== Recorded information
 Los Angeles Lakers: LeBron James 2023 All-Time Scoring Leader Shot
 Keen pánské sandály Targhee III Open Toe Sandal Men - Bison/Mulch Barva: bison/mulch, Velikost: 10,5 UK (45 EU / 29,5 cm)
====
== Recorded information
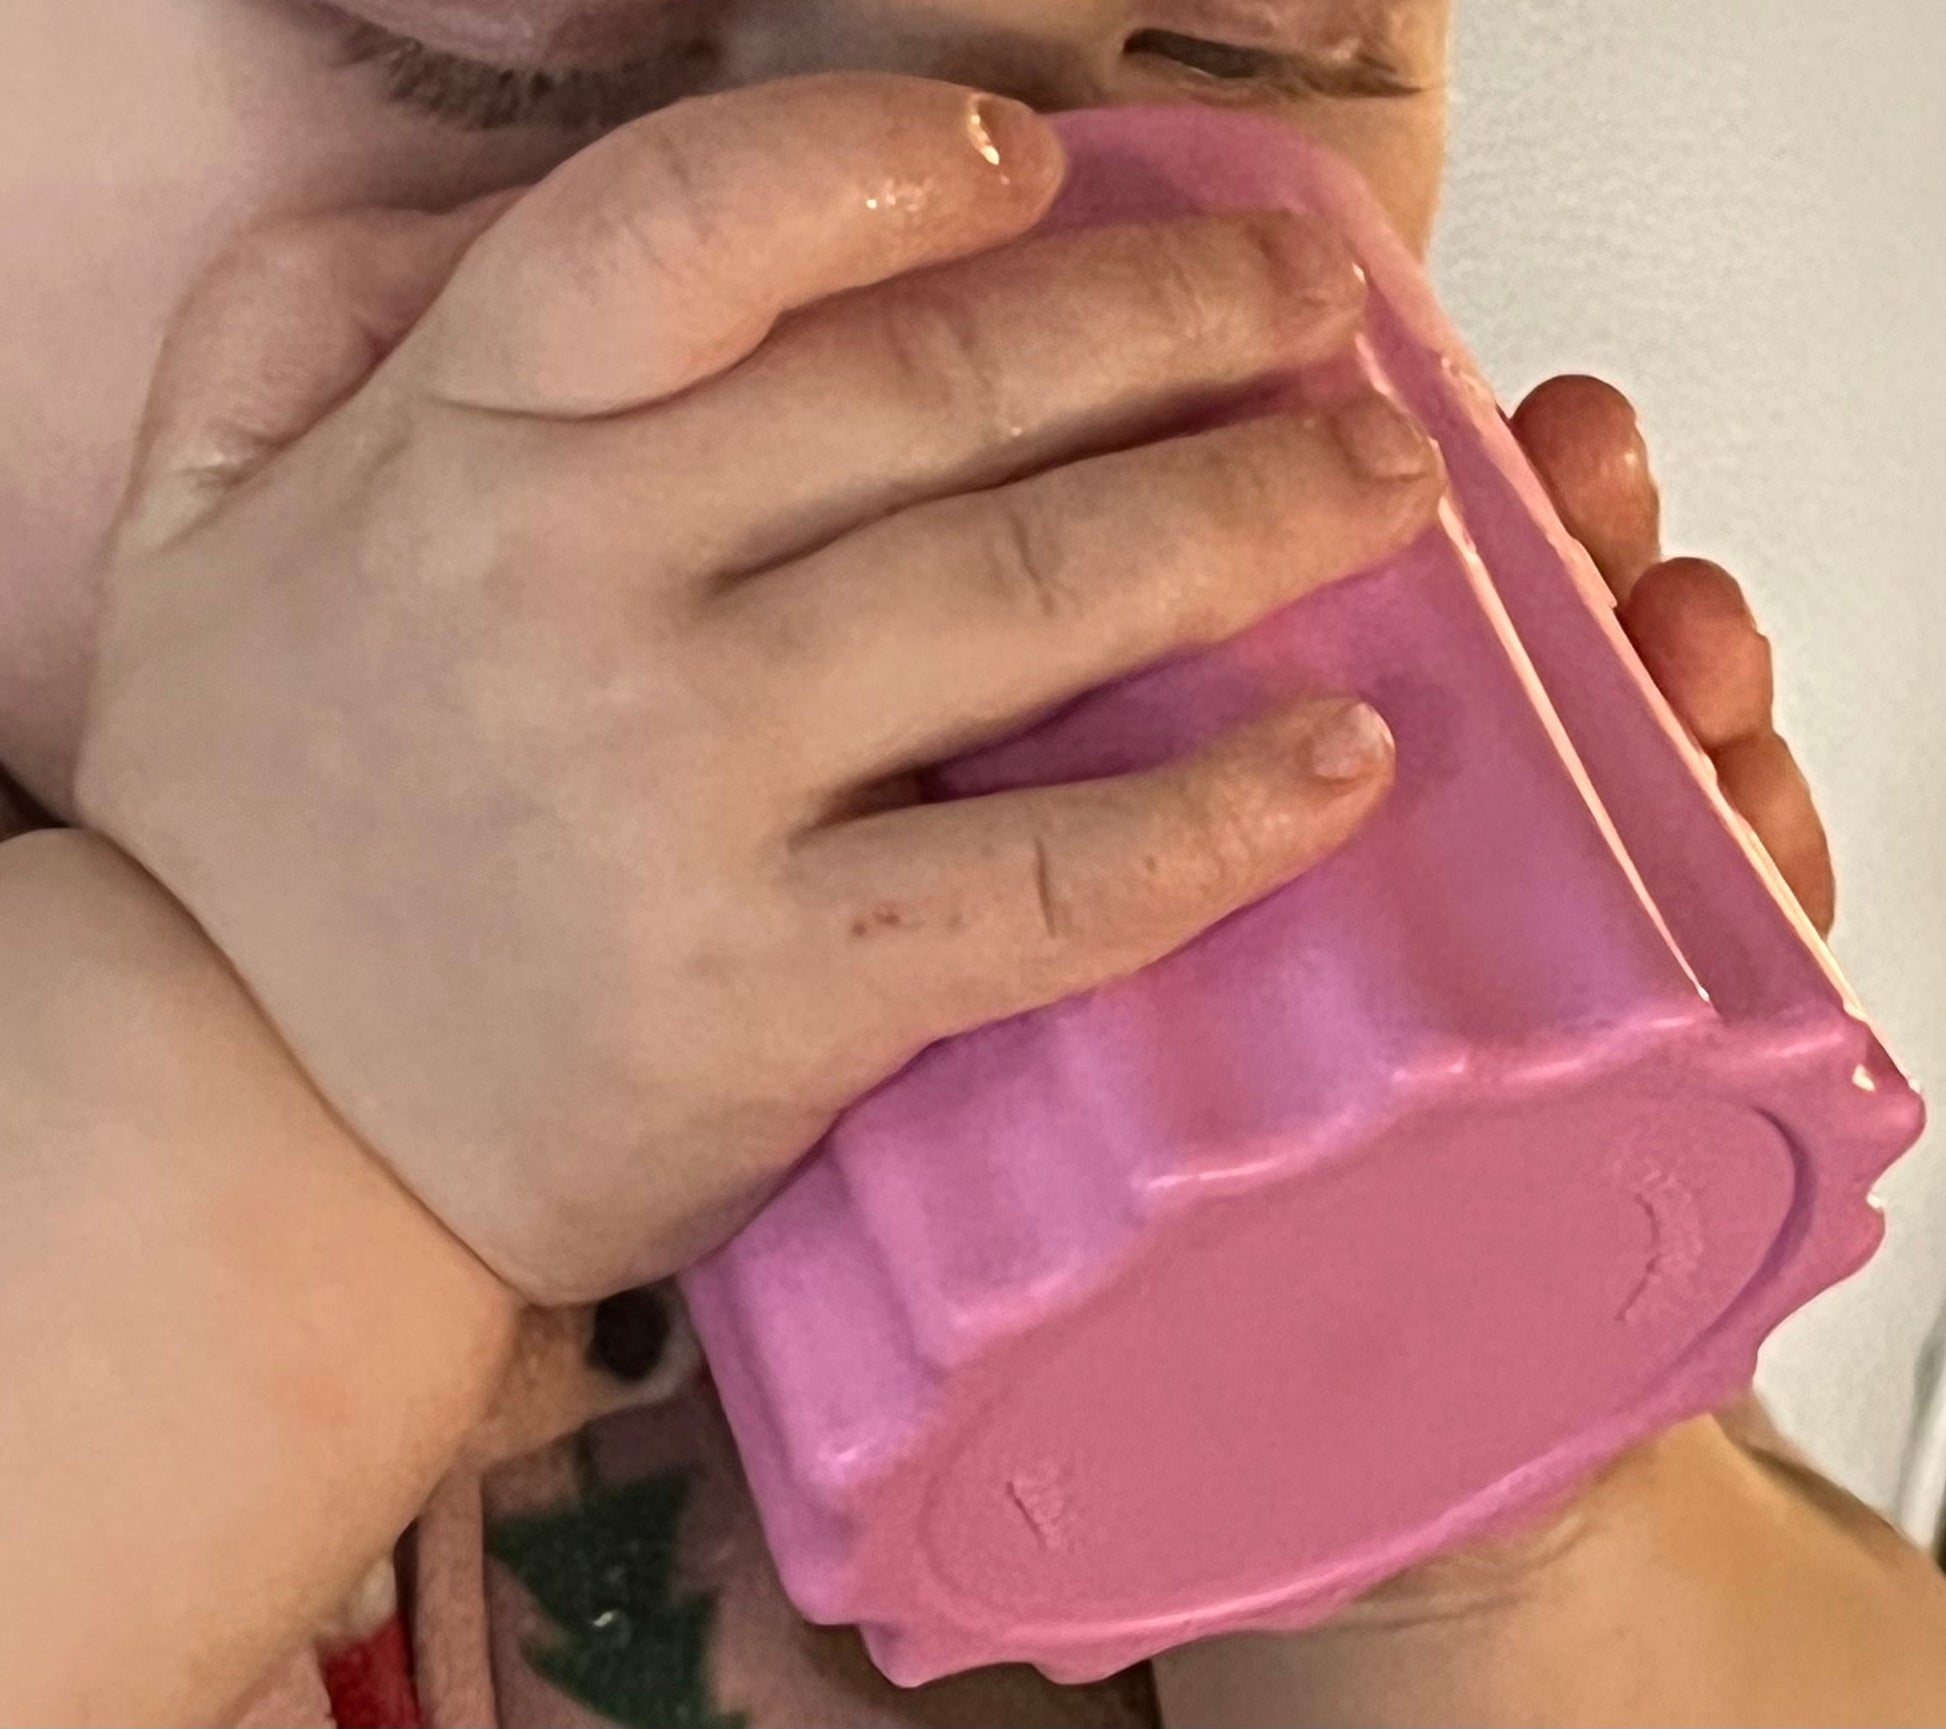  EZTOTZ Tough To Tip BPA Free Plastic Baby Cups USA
====
== Recorded information
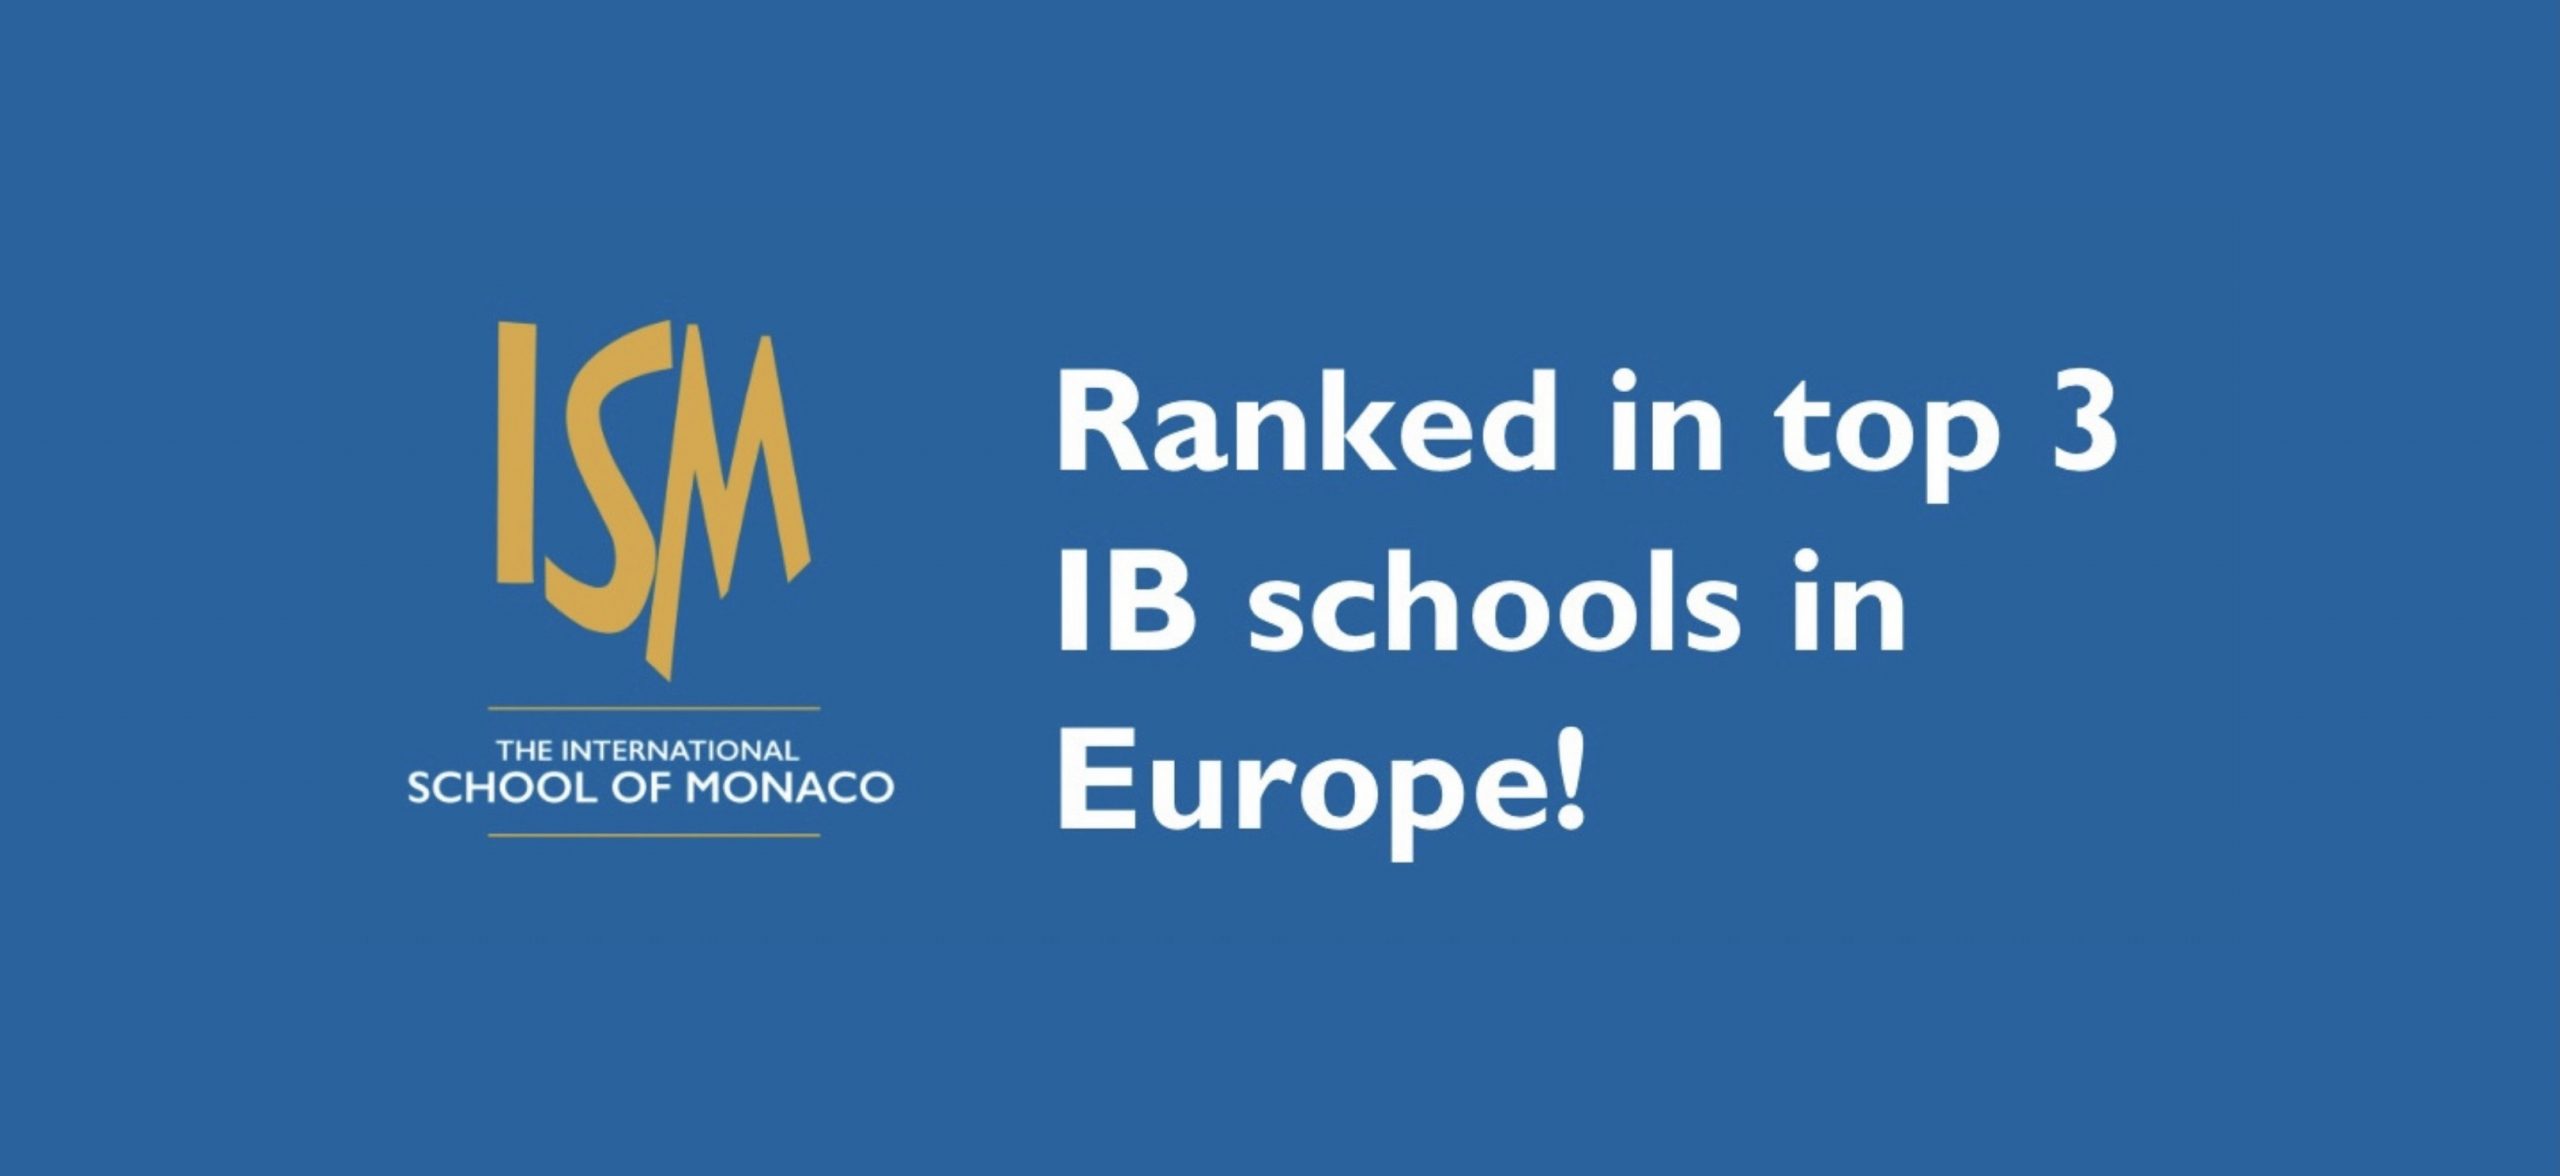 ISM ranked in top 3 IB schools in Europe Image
====
### What is needed
Look above for the line containing "Los Angeles Lakers: LeBron" and the line containing "Keen pánské sandály". Transcribe both, with the lines between them, exactly.

### Task result
 Los Angeles Lakers: LeBron James 2023 All-Time Scoring Leader Shot
 Keen pánské sandály Targhee III Open Toe Sandal Men - Bison/Mulch Barva: bison/mulch, Velikost: 10,5 UK (45 EU / 29,5 cm)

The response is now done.